Tony Kushner is the Pulitzer Prize-winning playwright of
Angels in America: A Gay Fantasia on National Themes,
which airs as a two-part film -- directed by Mike
Nichols and starring Al Pacino, Meryl Streep, and Emma
Thompson -- on HBO this December. The play, originally
written in 1990, is a sweeping indictment of the Reagan
era that follows the story of Prior, an AIDS sufferer
caught between an ex-boyfriend and a married lover with
a mentally disabled wife. The invented characters are
counterweighted by a subplot that centers on Roy Cohn,
the McCarthy-era lawyer and right-wing bulldog who died
of AIDS in 1986.

Kushner's other plays include Homebody/Kabul, an eerily
prescient play written pre-9/11 that links the modern
worlds of London and New York to the fanatical politics
of the Taliban, and the forthcoming Caroline or Change,
a work set in Civil Rights-era Louisiana. He is also the
author of the recently published call to arms, Save Your
Democratic Citizen Soul! Rants, Screeds and Other Public
Utterances for Midnight in the Republic, a book targeted
at young activists.

Mother Jones: It's been a long road for Angels in
America to finally make it to the TV screen. Wasn't
Robert Altman going to direct a film version at one
point?

Tony Kushner: Yes -- I think Altman is a major American
artist, and he was one of the first people I wanted to
work with. I sent him the play and he was immediately
interested. For about a year and a half I worked with
him, wrote a screenplay. At that time it was supposed to
be a theatrical release, but studio executives had
concerns -- about the material, about the budget, about
the length -- and it fell apart. At one point, even
after Altman had left the project, I tried to collapse
Angels into one three-hour movie and found that it was
impossible. It just literally has too much plot.

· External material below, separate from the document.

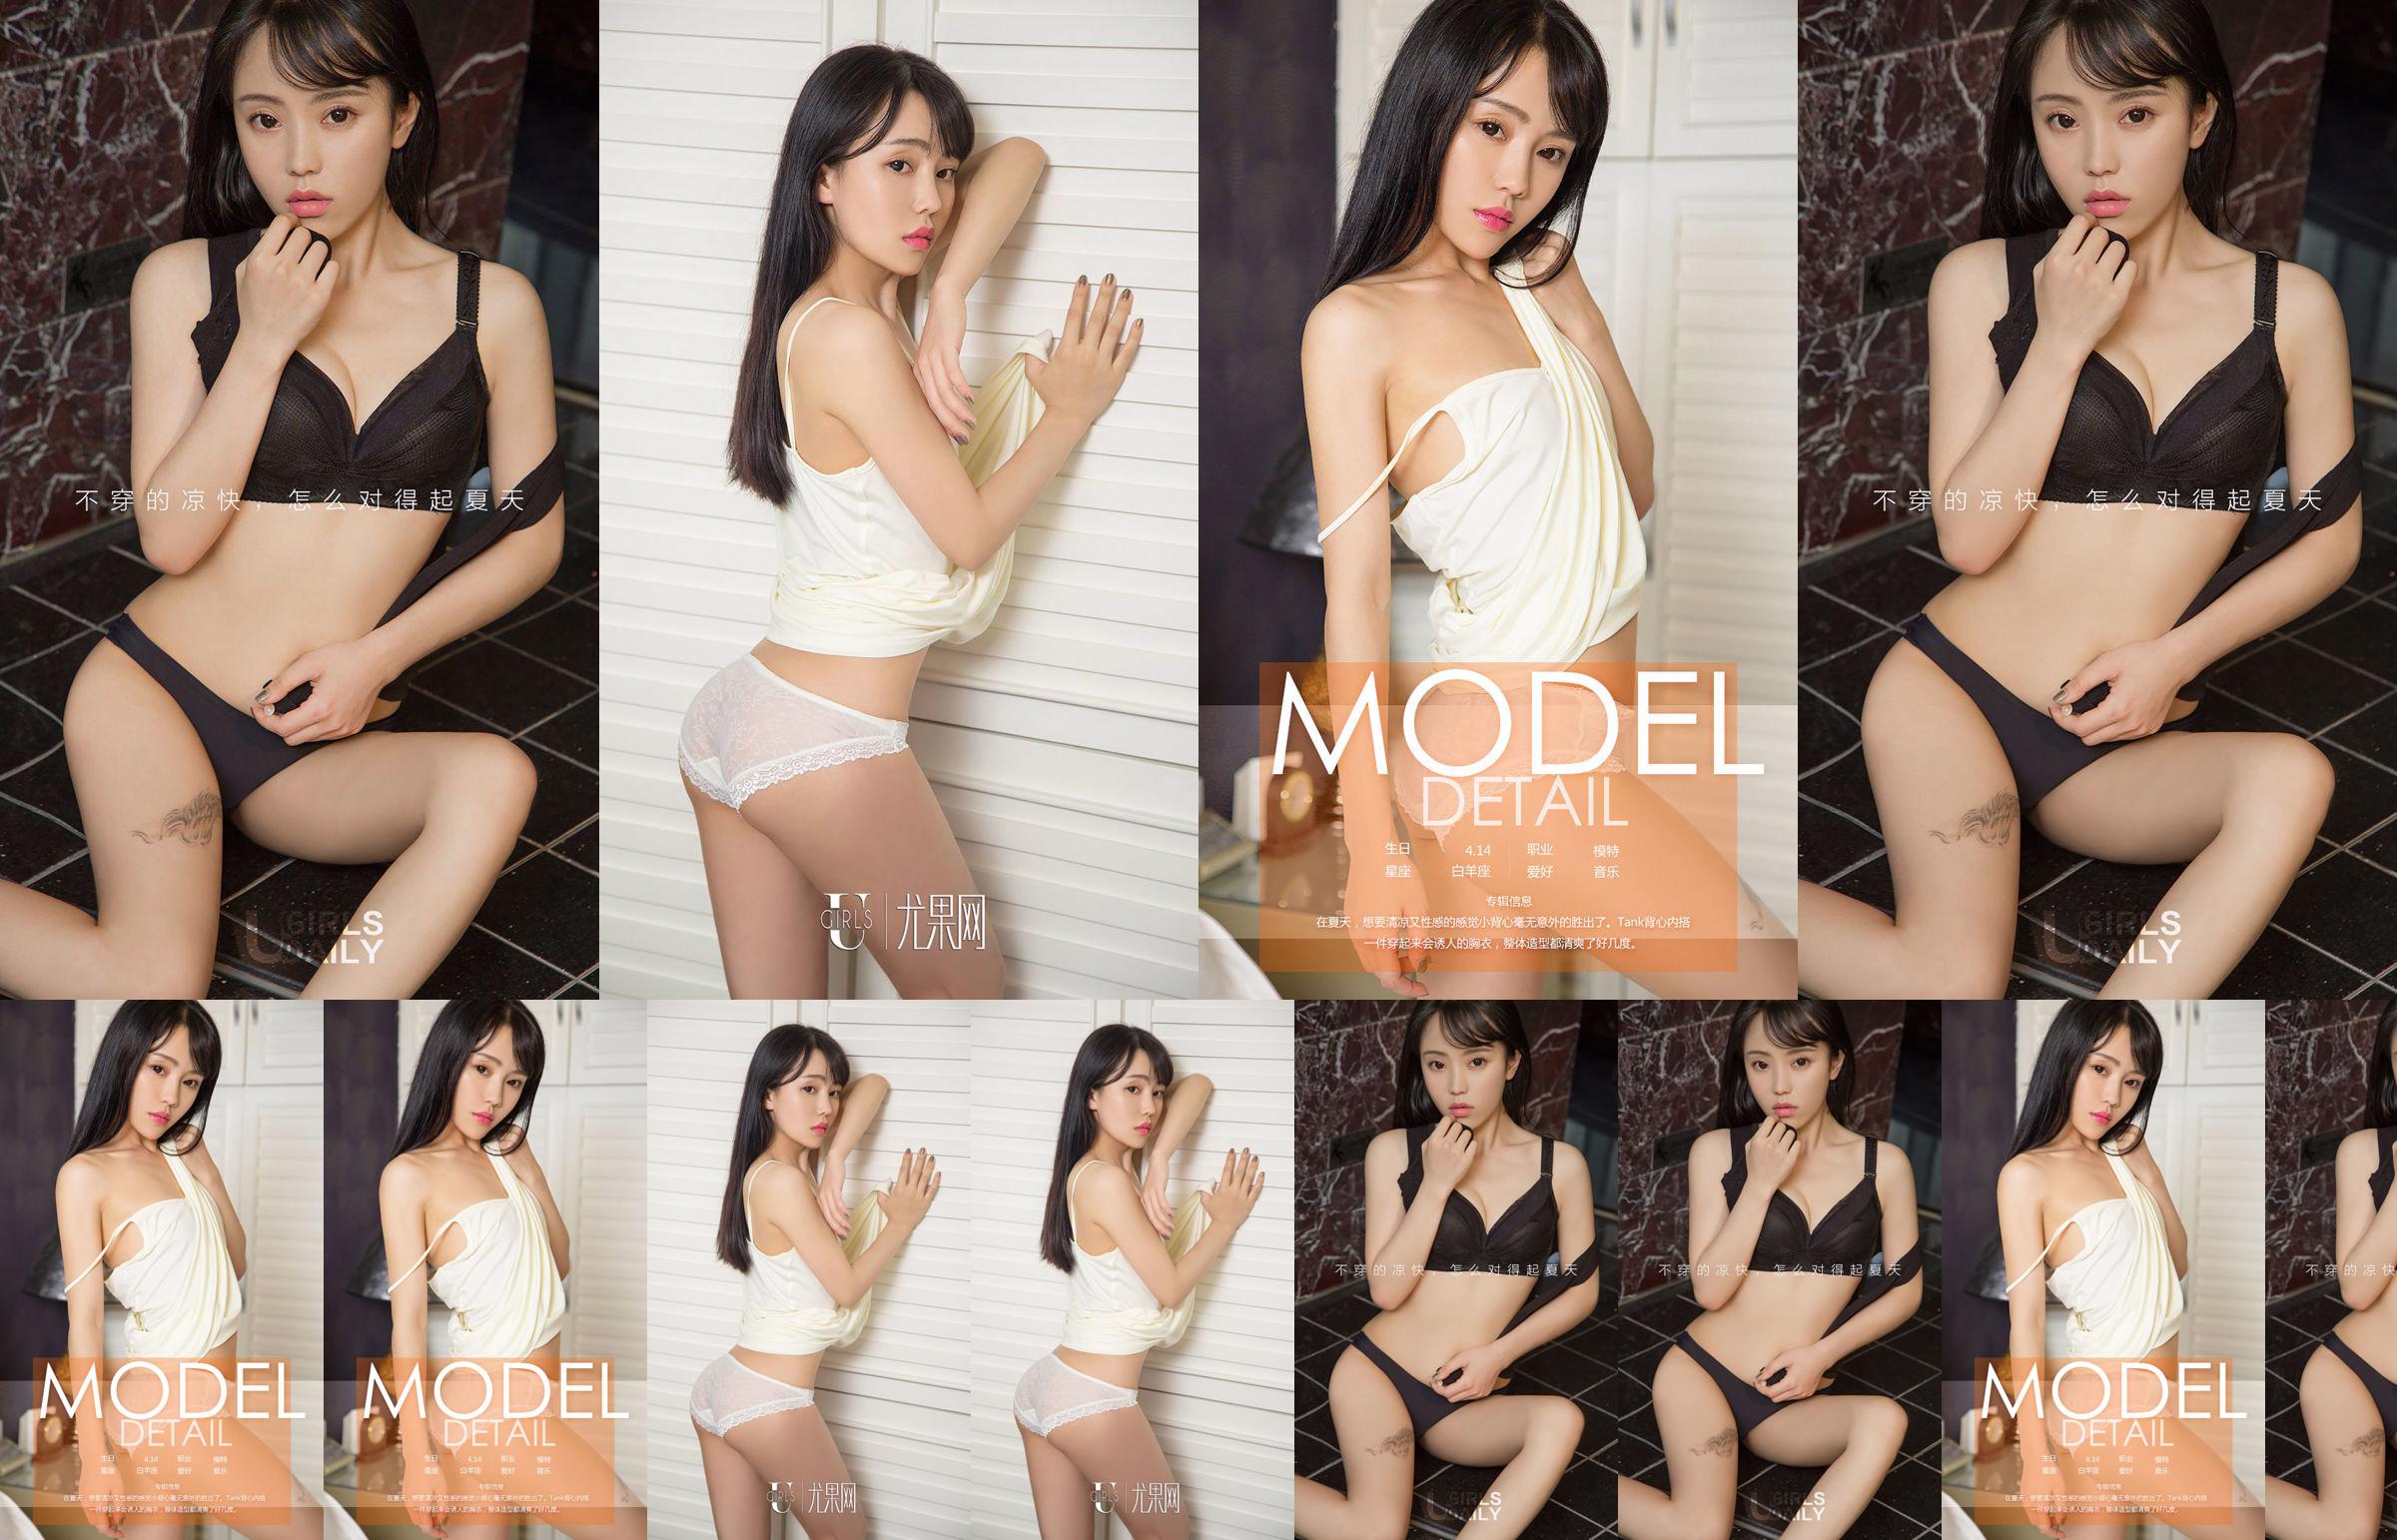 Ah V "Cool en sexy" [Youguoquan] No.783 No.5f4489 Pagina 4

MJ: So you're pleased it's ending up on the small
screen?

TK: I've felt for a long time that TV was the right
home. I'm kind of a TV junkie, and I felt much less
intimidated writing for the smaller-size picture.
There's something about TV that's much more like
theater. The picture quality is not so great, and so you
don't get these epic visual spectaculars like Lord of
the Rings. Also, just in terms of the kind of arguments
you can make, it's primarily a dialectical medium,
alternating between two cameras. It's limited -- but in
an interesting way.

MJ: The HBO production is being grouped with other shows
like Queer Eye for the Straight Guy in this new category
of gay TV. How do you feel about that?

TK: As a gay man, I'm enormously interested in the
phenomenon. Gay TV has been immensely important in
transforming American culture in a more gay-positive
direction. Roseanne and Madonna, in their respective
domains, are so important in their liberation of sexual
minoritarians. A show like Will & Grace, especially in
the first few seasons, was pretty transgressive in its
treatment of the body -- pretty kinky and interesting.
And Queer Eye is fascinating. It has a pinch-me-I'm-
dreaming quality. It's very bourgeois, of course, and
much more about the liberation of the consumer than the
liberation of the democratic citizen. Interestingly, I
think that Angels will feel tame in some ways. I don't
write sexy. It's not remotely as hot as some of the
things you'll see on normal cable.

MJ: Since 9/11, another of your plays, Homebody/Kabul,
has gotten even more attention than Angels in America.
Is it true that you have been rewriting that play since
it was first staged?

TK: I have been working on it, yes, but not for
political reasons. It's the first real family drama I
wrote: As much as it's about Afghanistan, there's a
tortured family at one of the two hearts of the work,
and that's what I am endlessly tinkering with. As for
its relationship to September 11, I haven't changed
anything about the political context. It's set in 1998,
so nothing needed to be changed.

MJ: Save Your Democratic Citizen Soul! is targeted
largely at young people. Are young Americans today
insufficiently prepared for political activism?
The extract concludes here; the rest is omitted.